CREBA vs. Romulo (G.R.No.160756 : March 9, 2010)
FACTS: Petitioner assails the constitutionality of some provisions of the Tax Reform Code which impose minimum corporate income tax (MCIT) against real estate corporations.
ISSUE: Imposing tax on capital, is the law confiscatory?
HELD: No, it does not impose tax on capital. It is imposed on gross income which is gross sales minus sales costs and other expenses.
ISSUE: Does it impose additional income tax?
HELD: No, MCIT is not additional income tax. It is imposed in lieu of the normal net income tax, and only if the normal income tax is suspiciously low. The MCIT merely approximates the amount of net income tax due from a corporation, pegging the rate at a very much reduced 2% and uses as the base the corporation’s gross income.

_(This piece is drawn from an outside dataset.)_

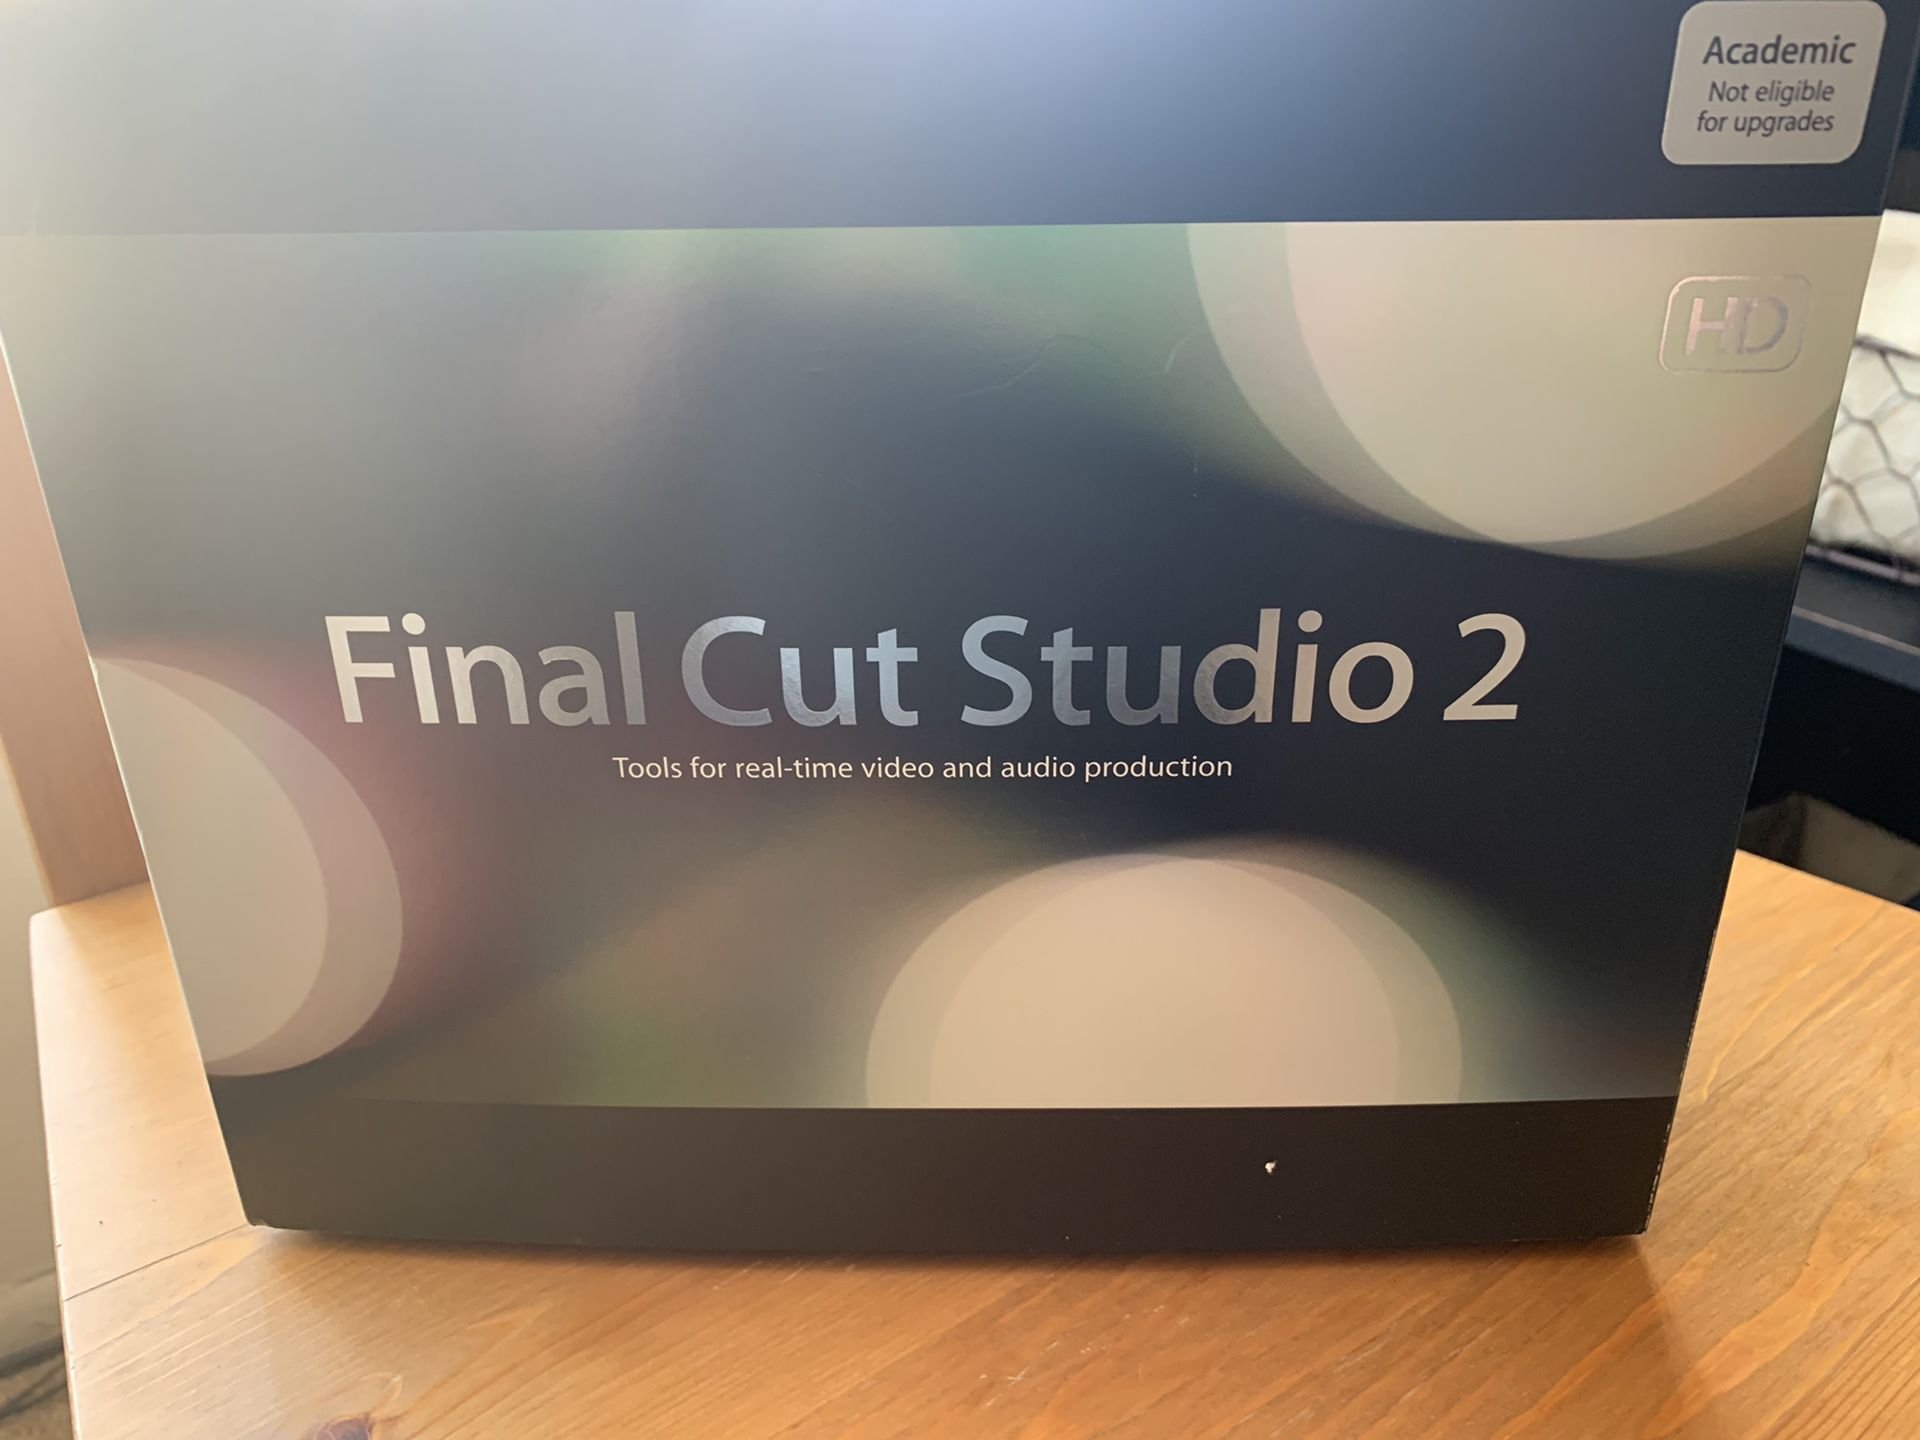 Final Cut Studio 2 - Academic
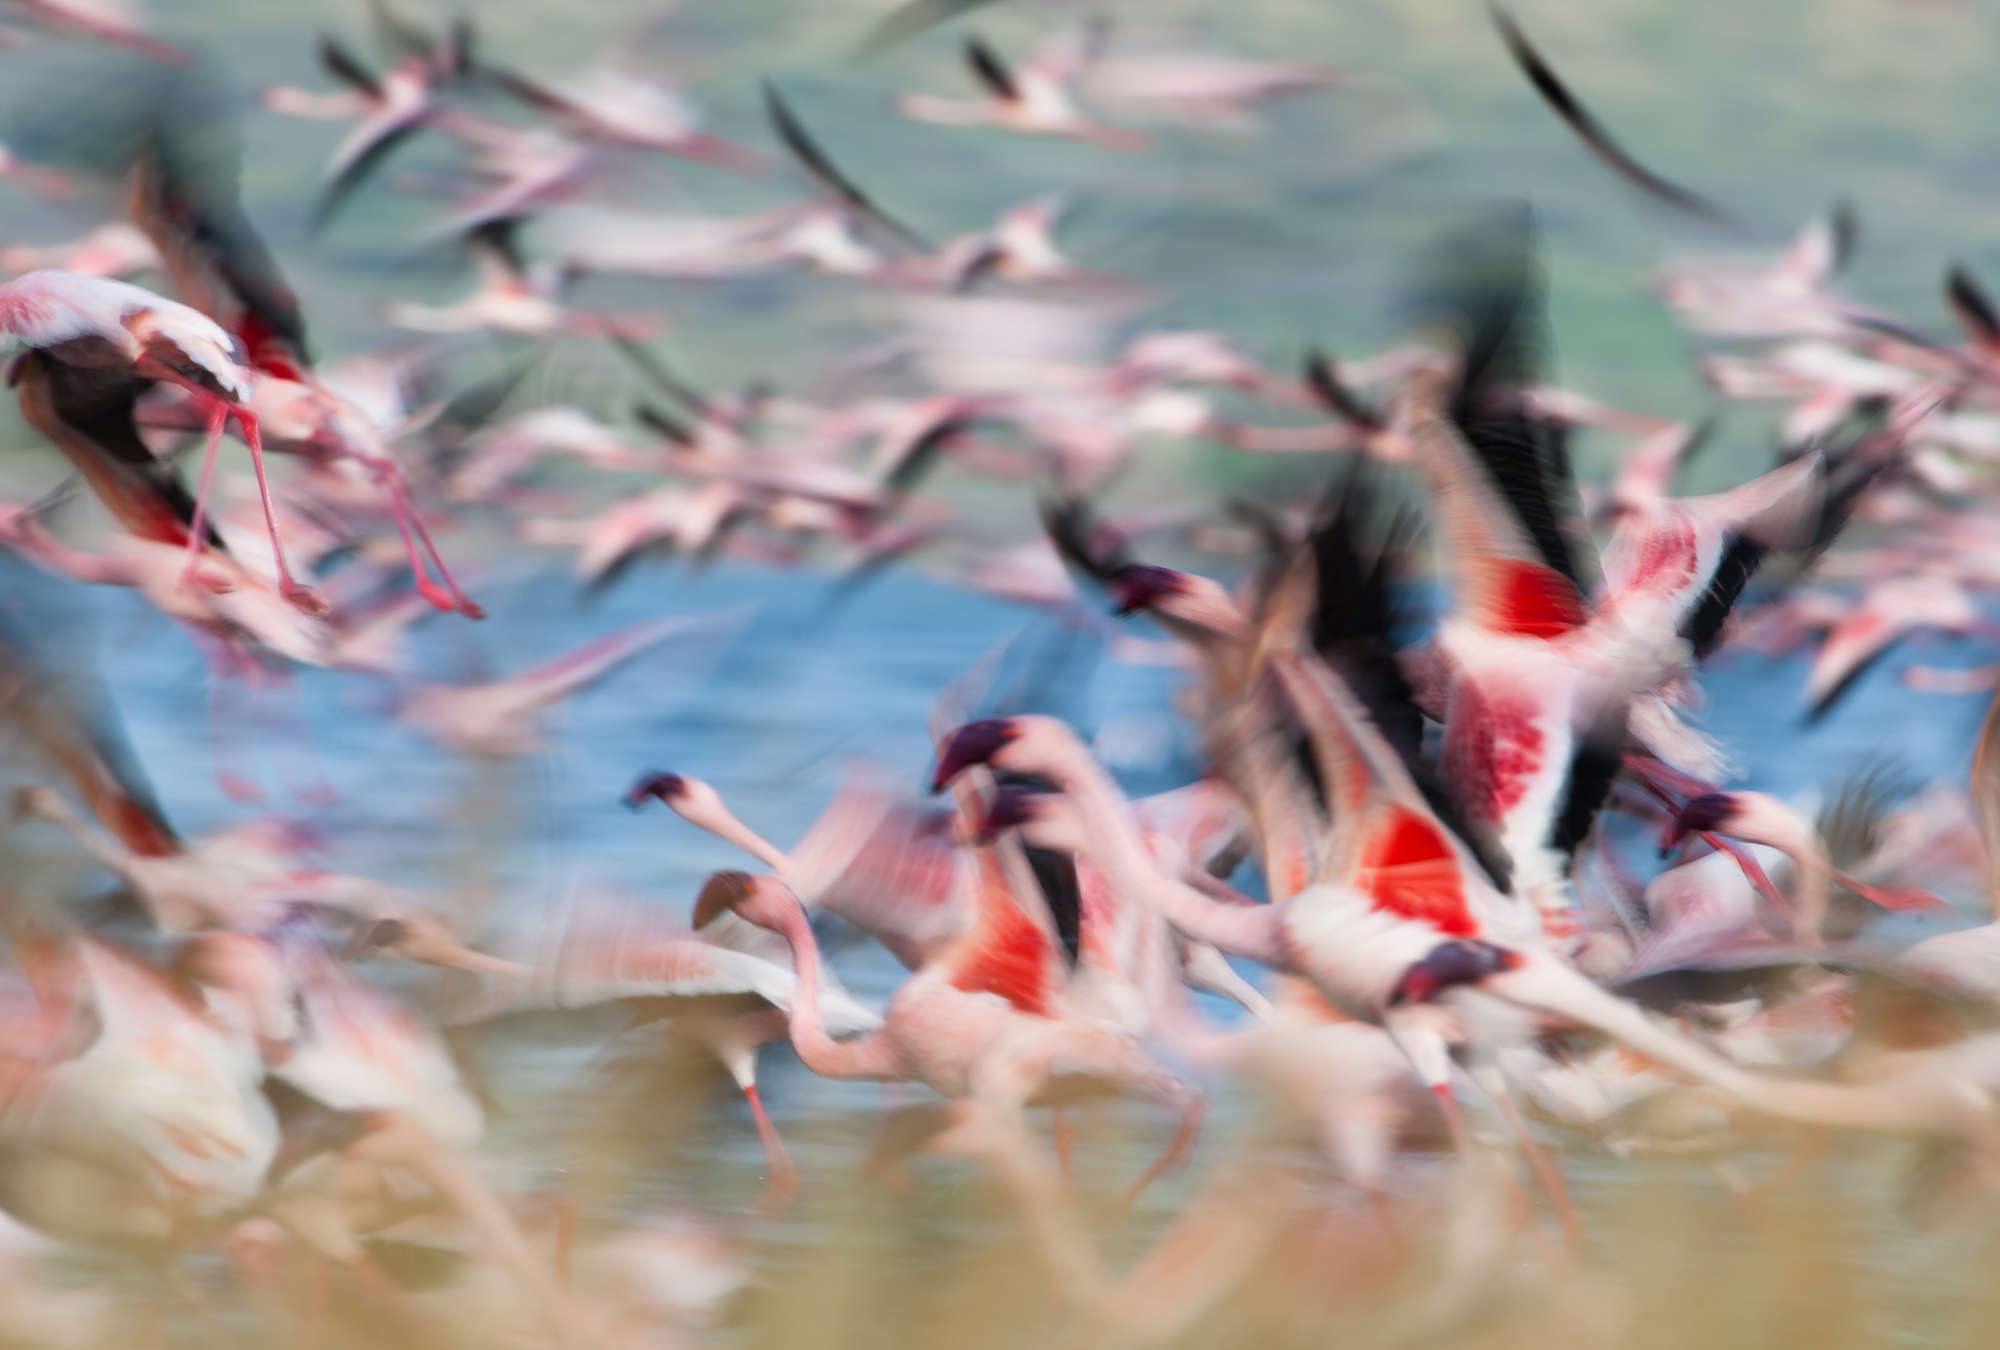             Photo wallpaper flamingos at flight takeoff

ISSUE: The Secretary of Finance issued a revenue regulation (RR) which mandates the use of the method of withholding tax at source. The law does not say this. Is the RR valid?
Yes, the RR is valid. Implementing regulations are valid unless ultra vires. Although the law does not mandate withholding of taxes as a method, it is a mere procedure of collection. The Tax Code gives the Secretary the power to promulgate necessary rules for the effective enforcement of tax laws. Withholding of taxes is more convenient for taxpayers and it avoids loss due to failure to file returns.
ISSUE: The law targets only real estate companies. Equal protection violated?
No, the equal protection clause is not violated because there is substantial and real distinction, the distinction is germane to the purpose of the law, the distinction is not limited to existing conditions only and it applies to all members of the same class.
The distinction, for example, between real estate companies and manufacturing companies is clear, substantial and real.